Joyce Carol Thomas (May 25, 1938 – August 13, 2016) was an American poet, playwright, motivational speaker, and author of more than 30 children's books.

==Background==
Thomas was born in Ponca City, Oklahoma, the fifth of nine children in a family of cotton pickers. In 1948 they moved to Tracy, California, to pick vegetables. She learned Spanish from Mexican migrant workers and earned a B.A. in Spanish from San Jose State University.

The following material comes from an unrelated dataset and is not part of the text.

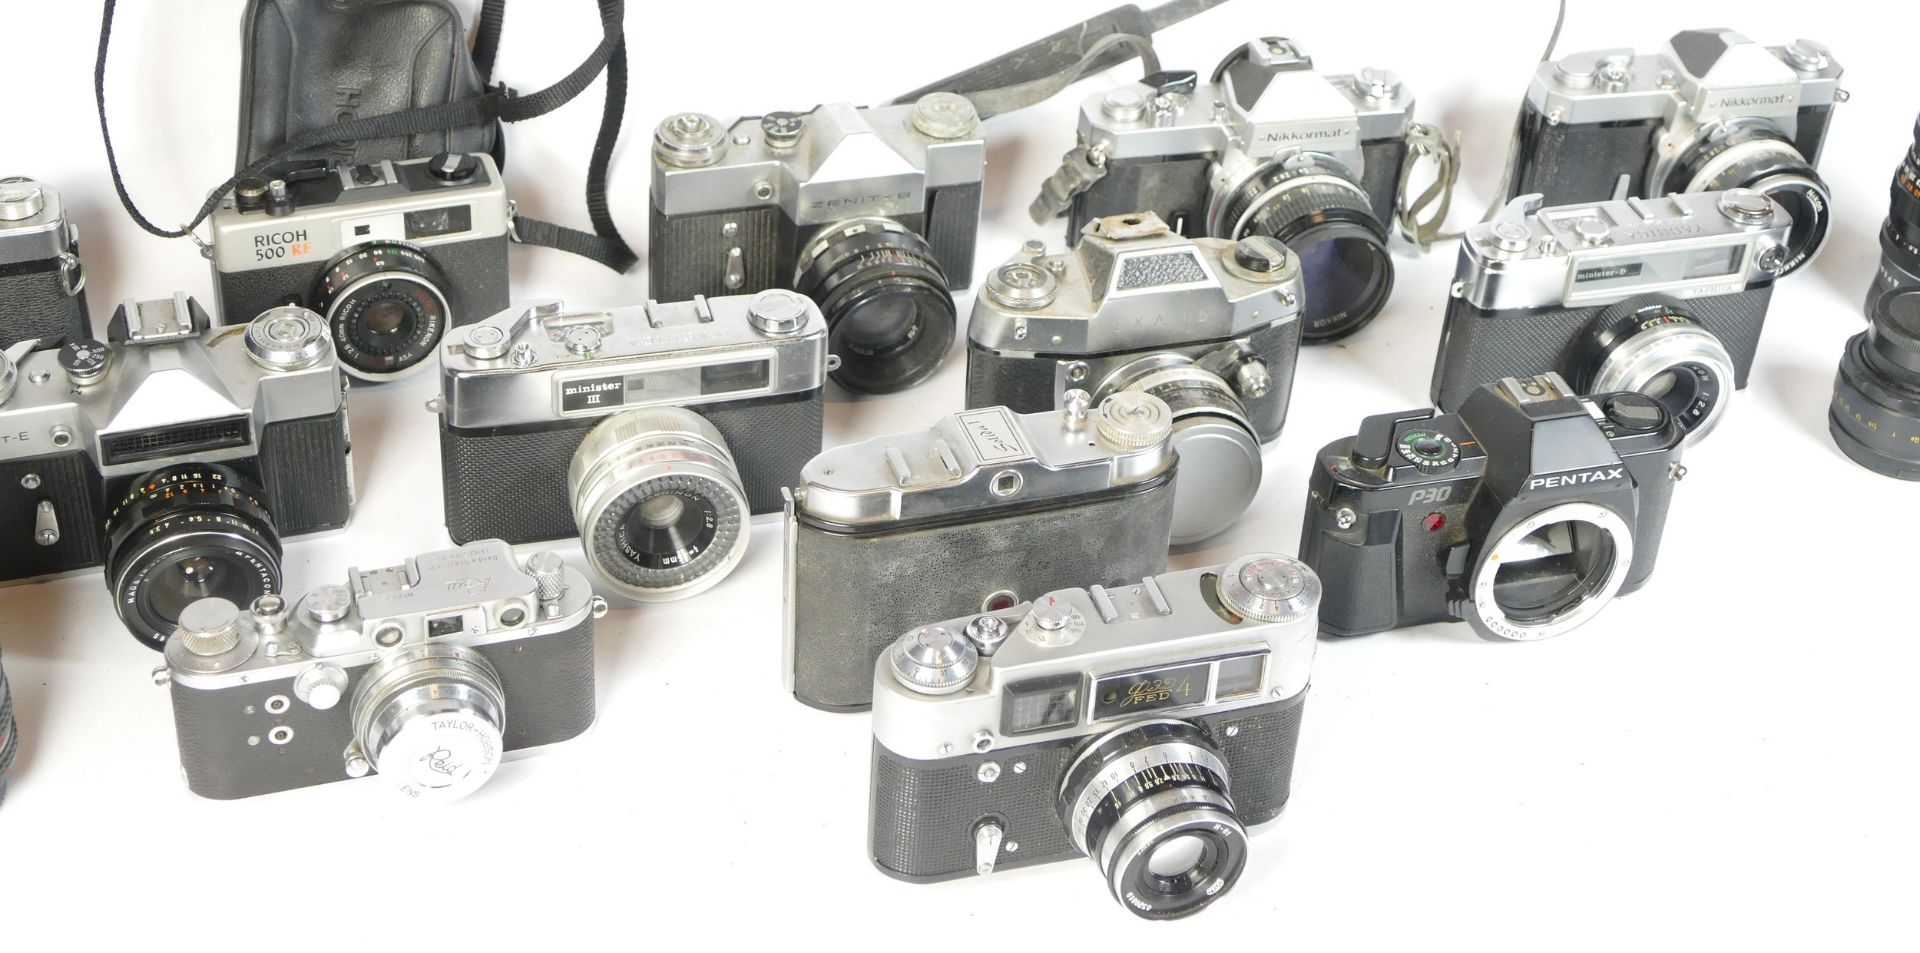 Thirteen SLR vintage film cameras to include a Zenit B, an EXA IIb, a Kowa SE, and a Ricoh 500RF. - Image 2 of 3

She took night classes in education at Stanford University, while raising four children, and received the master's degree in 1967.

==Published works==
Novels
- Marked by Fire (1982)
- Bright Shadow (1983)
- The Golden Pasture (1986)
- Water Girl (1986)
- Journey (1988)
- When the Nightingale Sings (1992)
- House of Light (2001)
- Healer (2007)

Poetry
- Bittersweet (1973)
- Crystal Breezes (1974)
- Blessing (1975)
- Black Child (1981)
- Inside the Rainbow (1982)
- Brown Honey in Broomwheat Tea (1993)
- Gingerbread Days (1995)
- Crowning Glory (1996)
- A Mother’s Heart, A Daughter’s Love (2001)
- The Blacker the Berry (2008)

Picture Books
- Cherish Me (1998)
- You Are My Perfect Baby (1999)
- The Angel’s Lullaby (2001)
  - Alternatively titled The Angel's Lullabye
- Joy (2001)
- The Gospel Cinderella (2004)
- The Six Fools (2005)
- Shouting! (2006)
- The Three Witches (2006)

Books for Children
- I Have Heard of a Land (1998)
- The Bowlegged Rooster (2000)
- Hush Songs (2000)
- The Skull Talks Back (2004)
- What’s the Hurry, Fox? (2004)
- In the Land of Milk and Honey (2012)

Non-Fiction
- Linda Brown, You Are Not Alone (2003)

Anthologies
- I Believe in Water (2000)
- Necessary Noise (2003)
- A Gathering of Flowers: Stories about Being Young in America (1990) as Editor

Plays
- Look! What a Wonder! Berkeley (1976) Community Theatre, Berkeley, CA
- A Song in the Sky Montgomery Theater, San Francisco. 1976
- Magnolia (1977) Old San Francisco Opera House, San Francisco, CA
- Ambrosia (1978) Little Fox Theatre, San Francisco,CA
- Gospel Roots (1989) California State University, Carson City, CA
- I Have Heard of a Land (1989) Classen Theatre, Oklahoma City, OK
- When the Nightingale Sings (1991) Clarence Brown Theatre, University of Tennessee, Knoxville, TN
- A Mother’s Heart (2001) The Marsh, San Francisco, CA

==Literary awards==
For her 1982 novel Marked by Fire, Thomas won a National Book Award in category Children's Fiction (paperback)
and an American Book Award.
Thomas has been one of three to five finalists for the Coretta Scott King Award thrice, in 1984 for Bright Shadow, in 1994 for Brown Honey in Broomwheat Tea, and in 2009 for The Blacker the Berry. Part of the American Library Association program, the King Award annually recognizes the "most distinguished portrayal of African American experience in literature for children or teens".
She also received a New York Times Outstanding Book of the Year Award and an Outstanding Woman of the 20th Century Award.

==Personal life==
Thomas resided in Berkeley, California. She died on August 13, 2016, at the age of 78.